■ **PROBLEM TO SOLVE**: Images should be omitted while the rest of the data is duplicated exactly.

■ **GIVEN MATERIAL**:

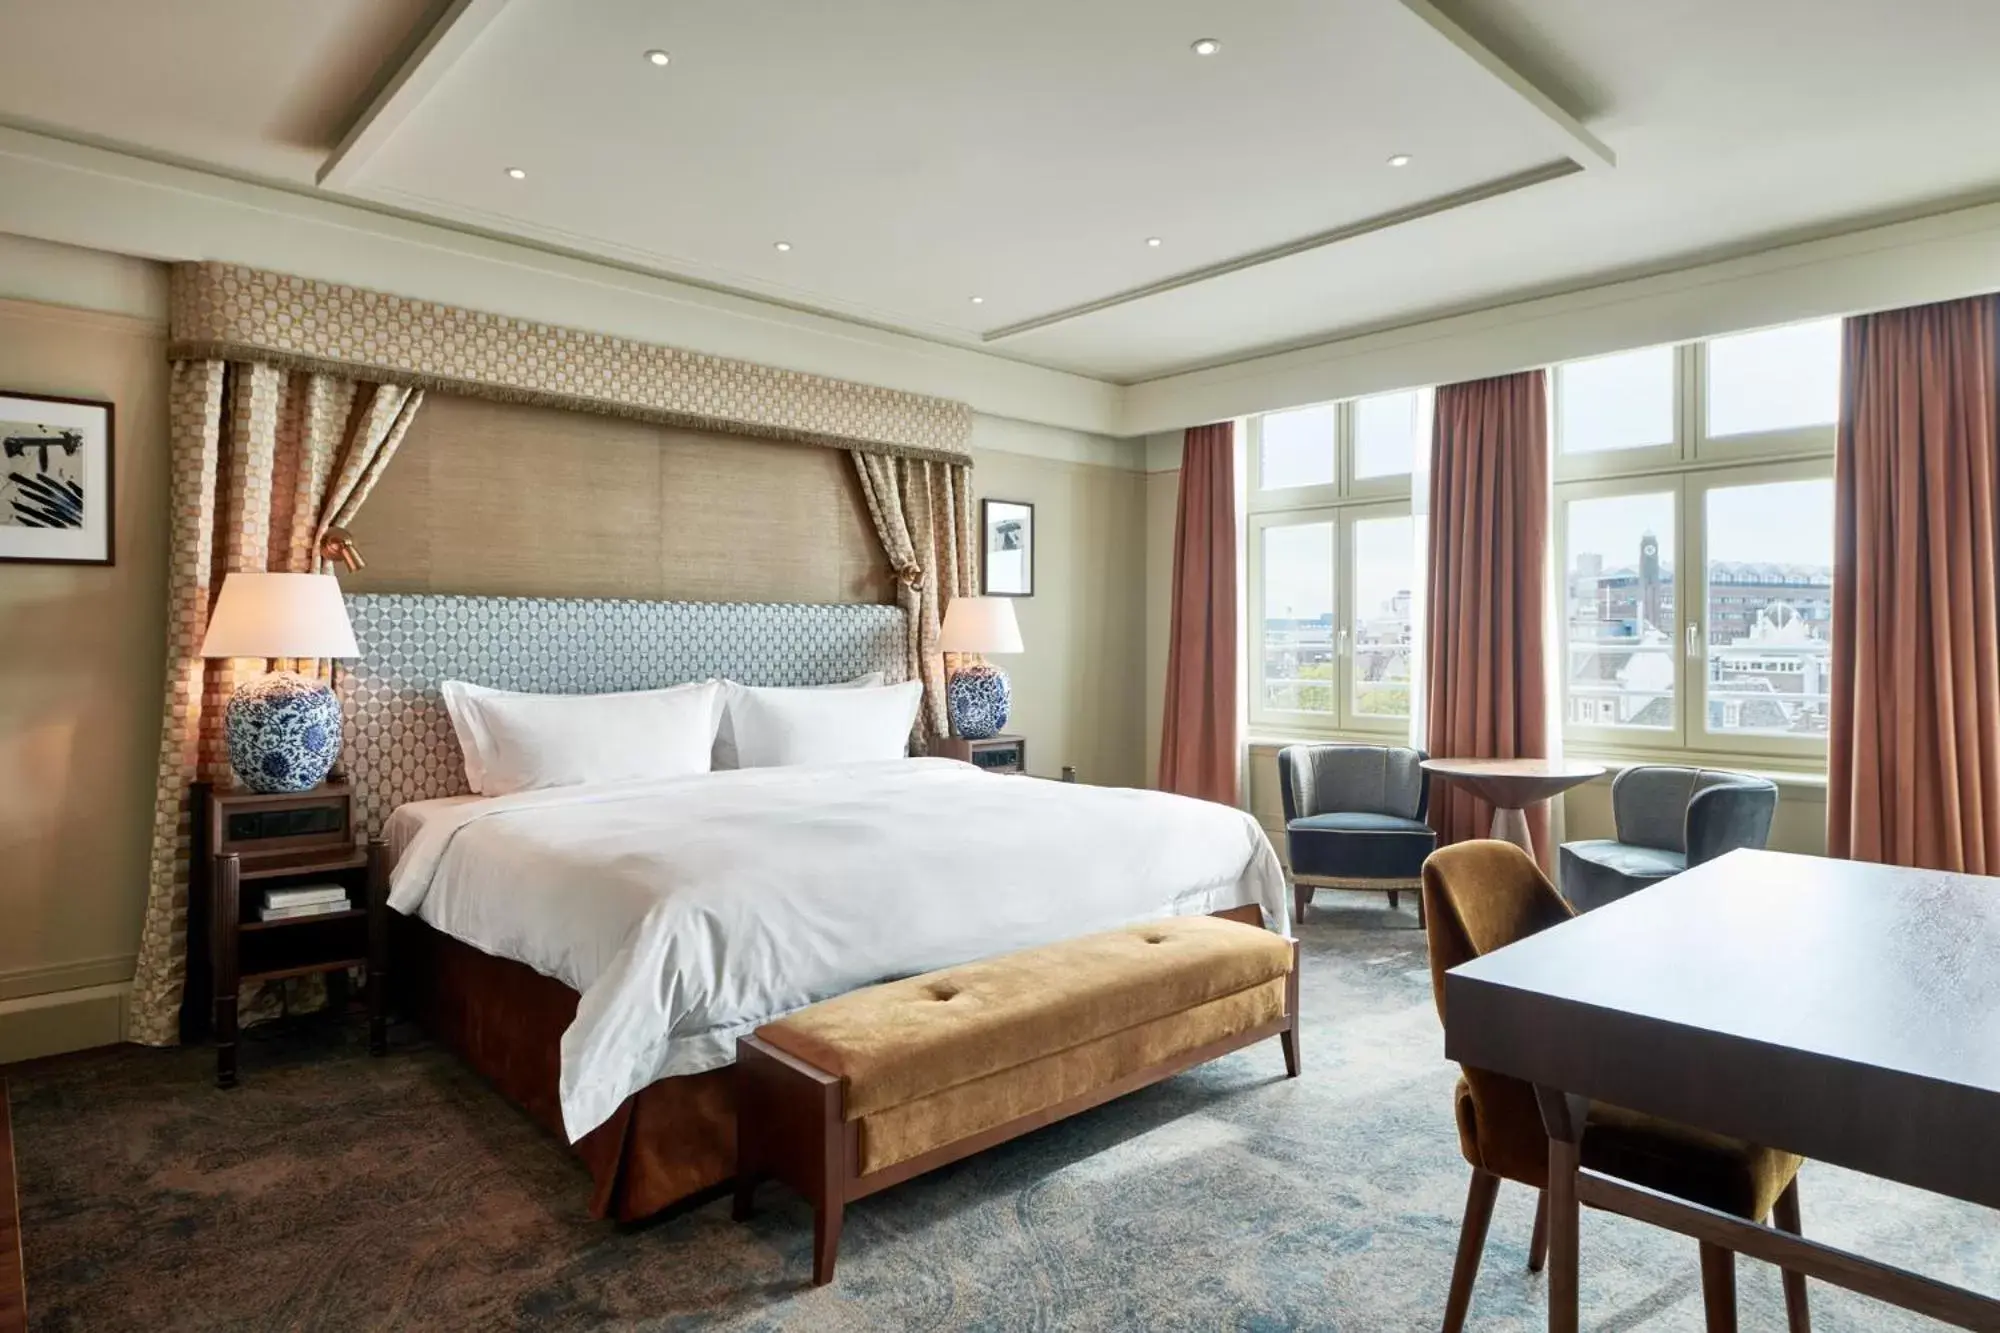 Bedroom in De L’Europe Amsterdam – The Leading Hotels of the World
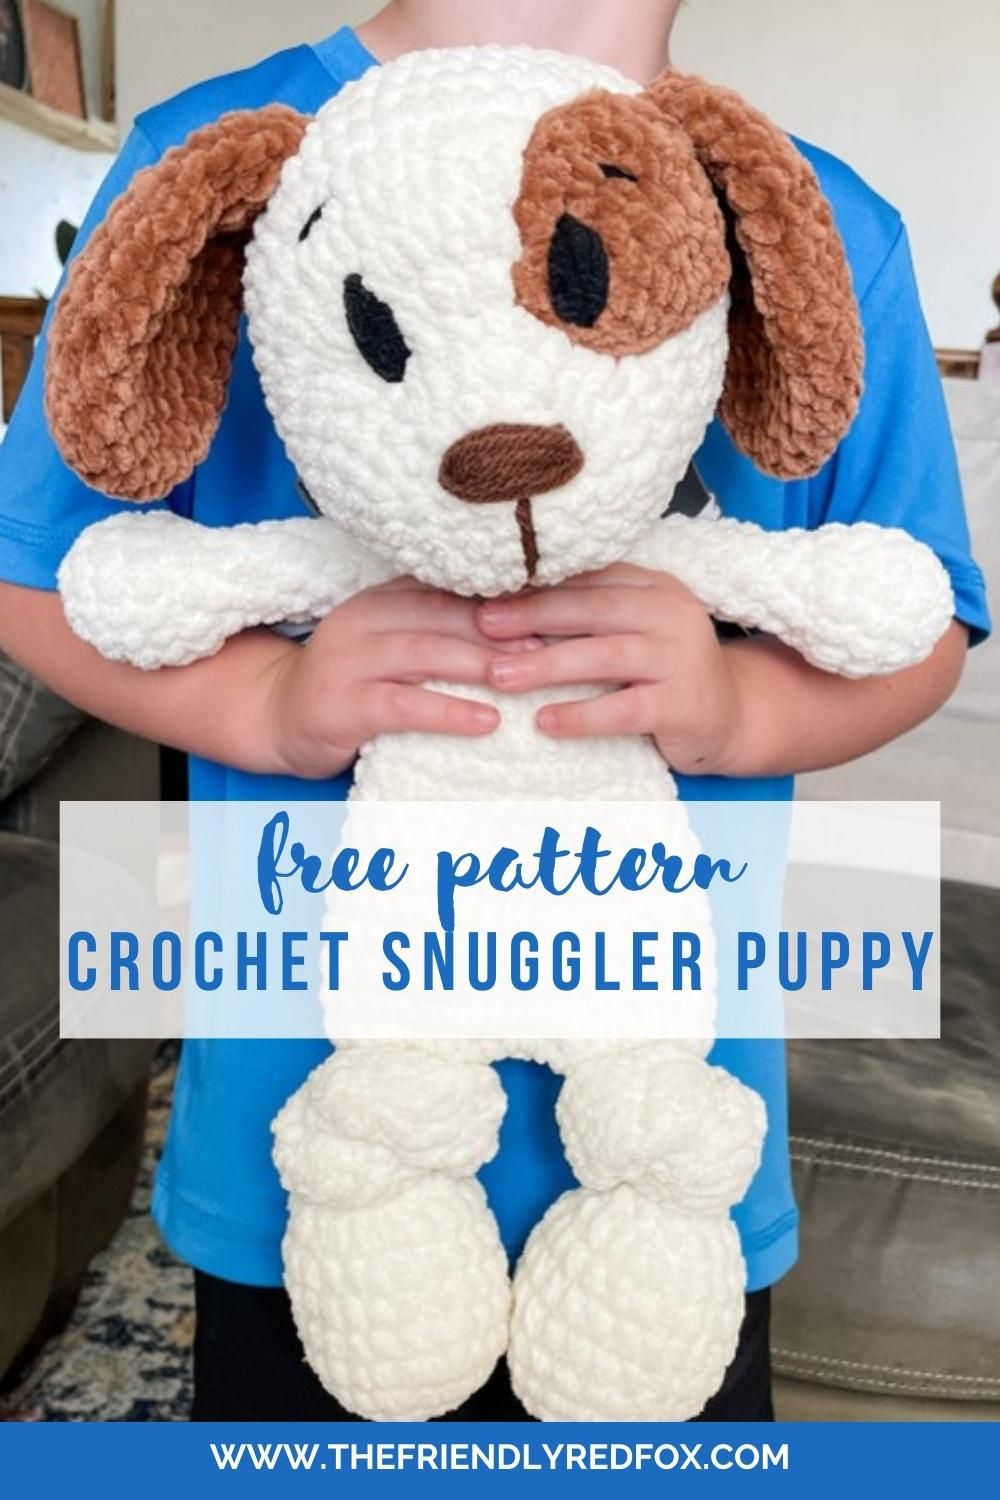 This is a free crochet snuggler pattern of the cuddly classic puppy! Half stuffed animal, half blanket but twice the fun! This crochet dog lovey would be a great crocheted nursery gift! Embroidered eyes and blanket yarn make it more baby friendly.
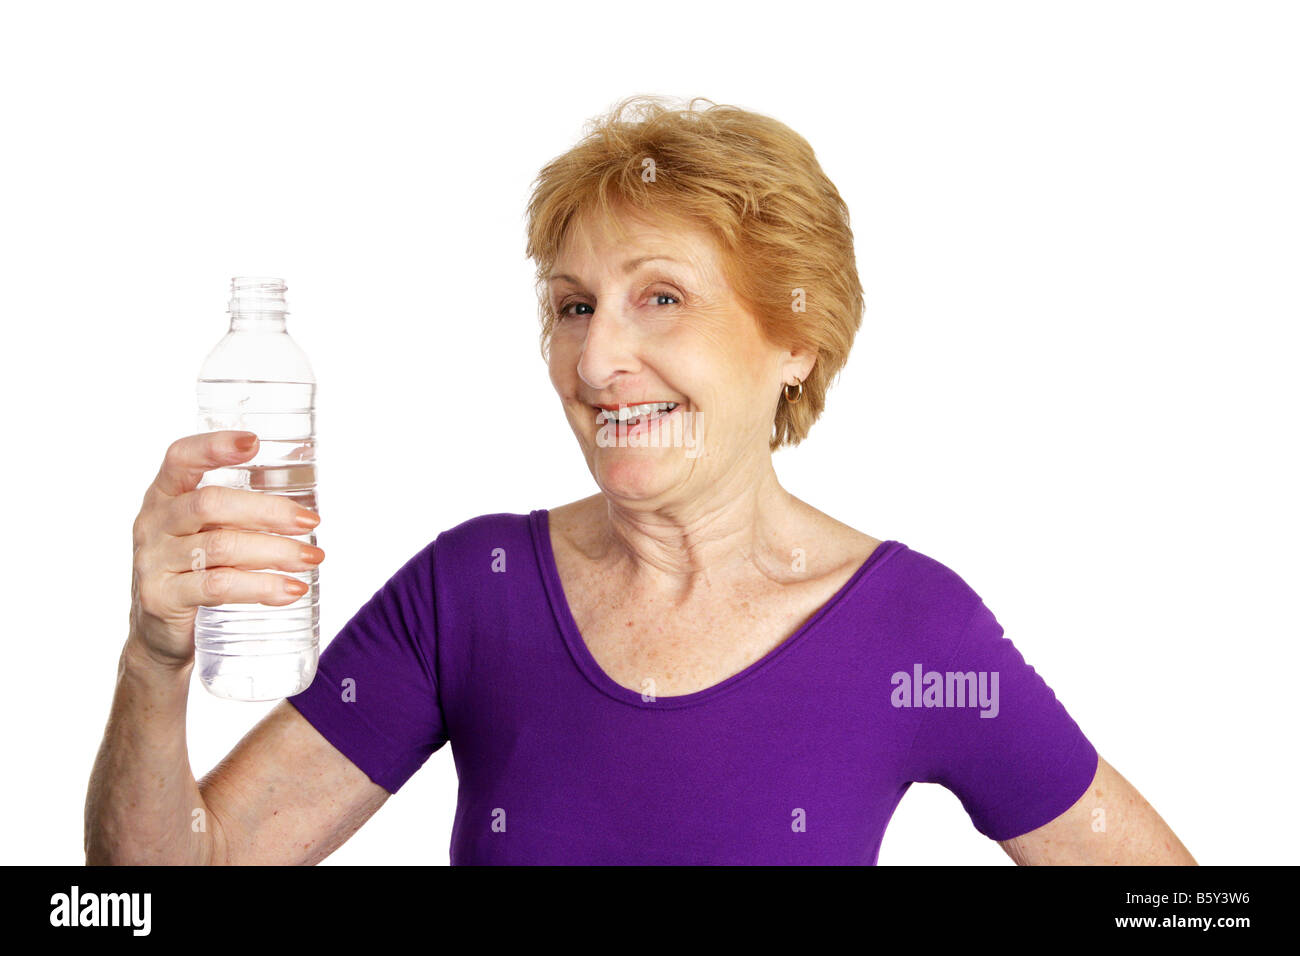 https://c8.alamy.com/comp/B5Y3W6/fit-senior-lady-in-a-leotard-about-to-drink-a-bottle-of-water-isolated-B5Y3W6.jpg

■ **FINAL ANSWER**:
 Bedroom in De L’Europe Amsterdam – The Leading Hotels of the World
 This is a free crochet snuggler pattern of the cuddly classic puppy! Half stuffed animal, half blanket but twice the fun! This crochet dog lovey would be a great crocheted nursery gift! Embroidered eyes and blanket yarn make it more baby friendly.
 https://c8.alamy.com/comp/B5Y3W6/fit-senior-lady-in-a-leotard-about-to-drink-a-bottle-of-water-isolated-B5Y3W6.jpg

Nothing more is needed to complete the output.